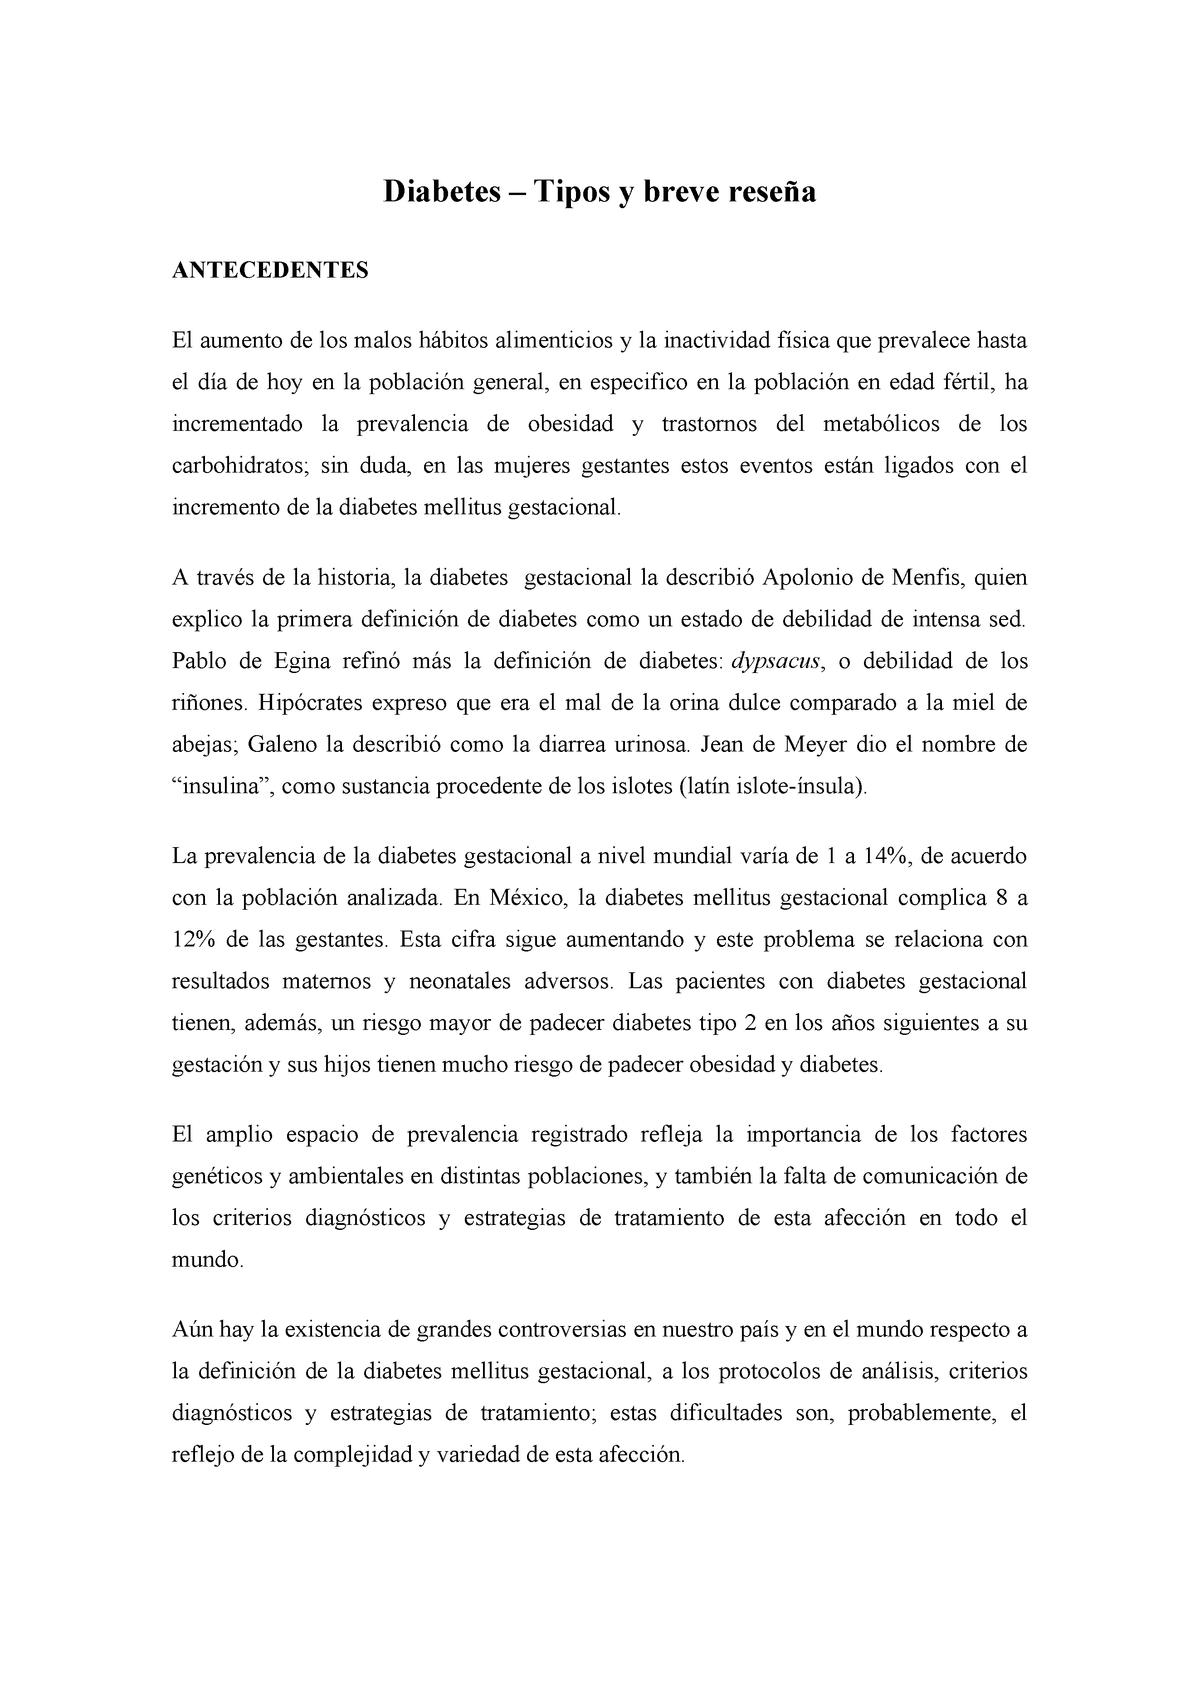 protocolo de investigación de diabetes gestacional
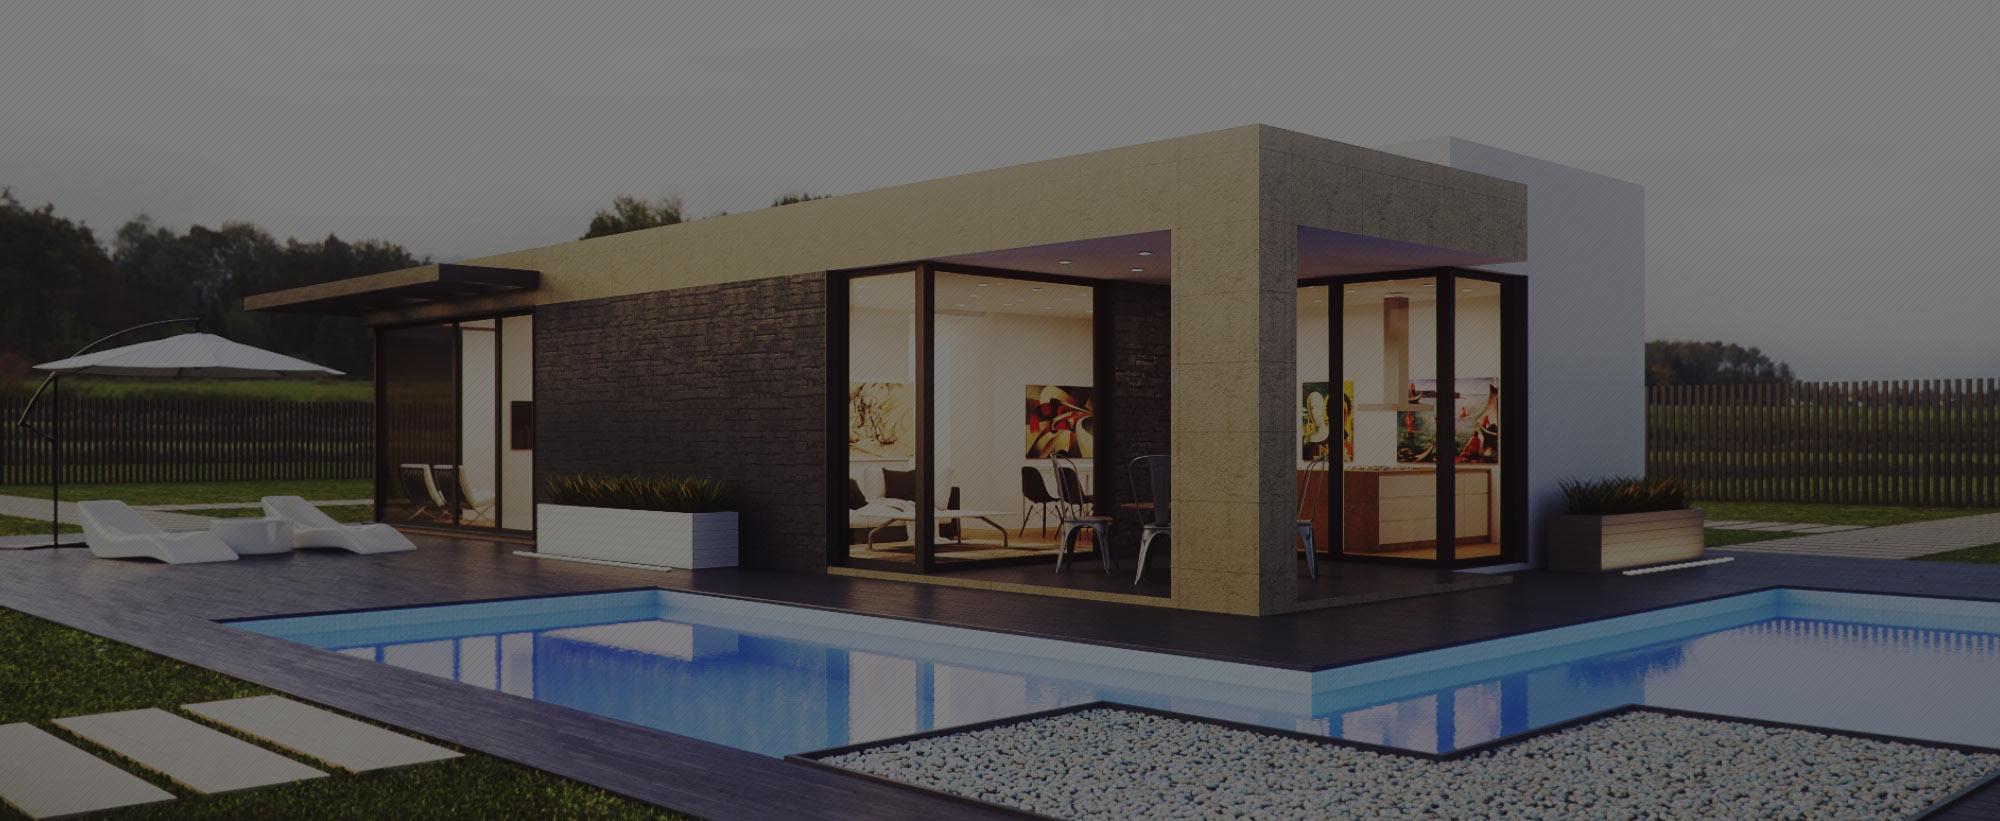 4. ออกแบบสวน สระว่ายน้ำ ศาลา
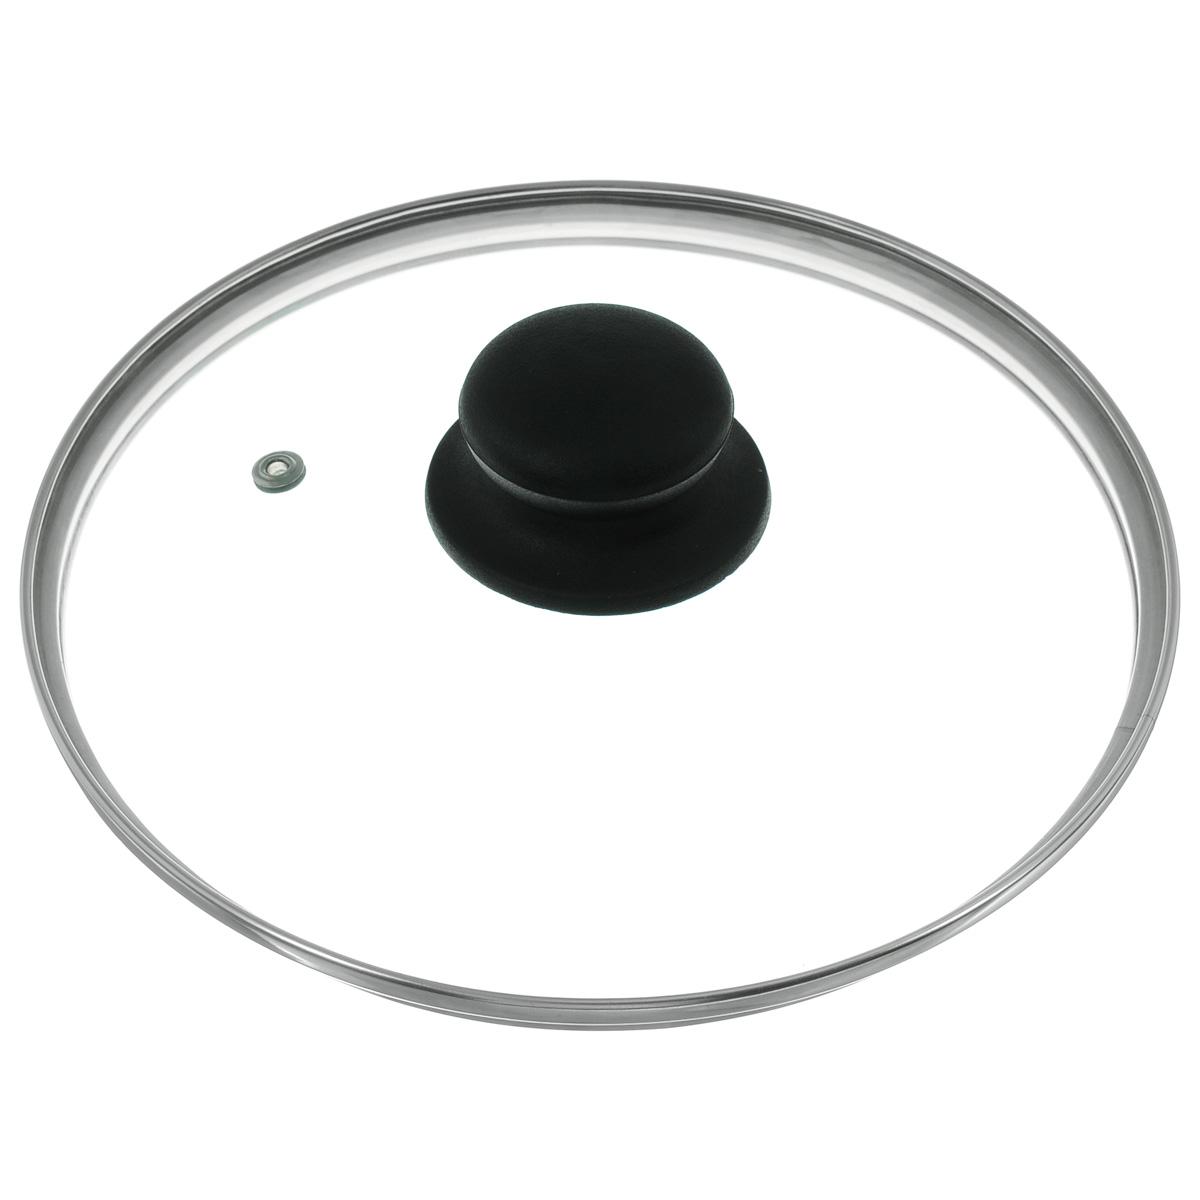 Крышка изготовлена из термостойкого стекла. Обод,  выполненный из высококачественной нержавеющей стали, защищает крышку от  повреждений, а ручка, выполненная из термостойкого пластика, защищает ваши  руки от высоких температур. Изделие оснащено пароотводом. Крышка удобна в  использовании и позволяет контролировать процесс приготовления пищи без потери тепла. Можно мыть в посудомоечной машине.
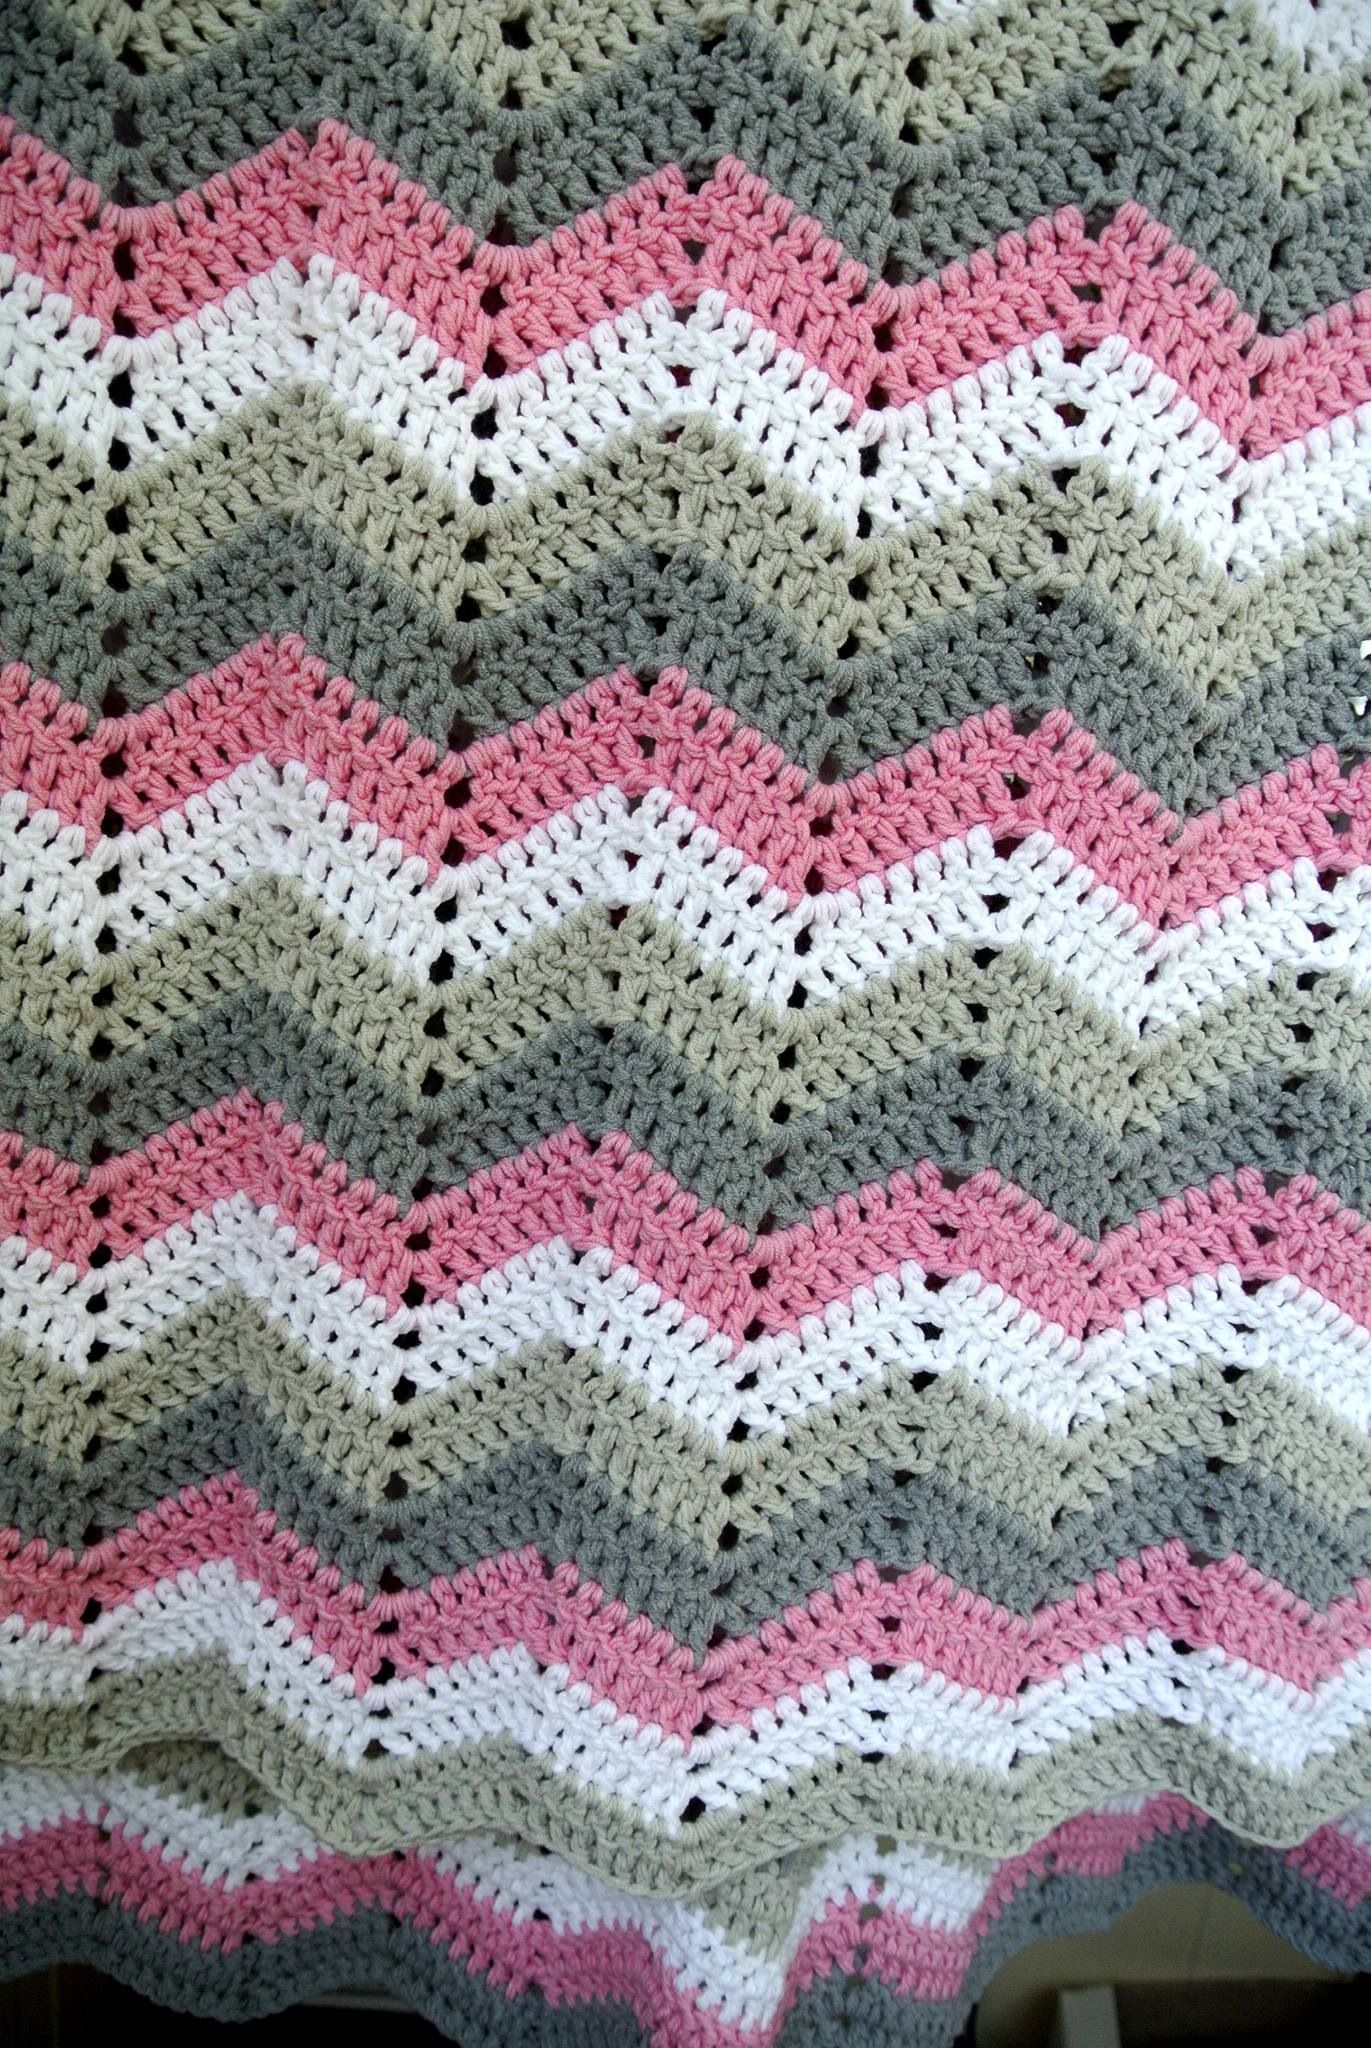 Pin de Maria da Graça Mendes Demartini en Crochet | Pinterest

What to work on ->
Pictures stay out; everything else in the listing above gets restated word for word.

Exercise result ->
 protocolo de investigación de diabetes gestacional
 4. ออกแบบสวน สระว่ายน้ำ ศาลา
 Крышка изготовлена из термостойкого стекла. Обод,  выполненный из высококачественной нержавеющей стали, защищает крышку от  повреждений, а ручка, выполненная из термостойкого пластика, защищает ваши  руки от высоких температур. Изделие оснащено пароотводом. Крышка удобна в  использовании и позволяет контролировать процесс приготовления пищи без потери тепла. Можно мыть в посудомоечной машине.
 Pin de Maria da Graça Mendes Demartini en Crochet | Pinterest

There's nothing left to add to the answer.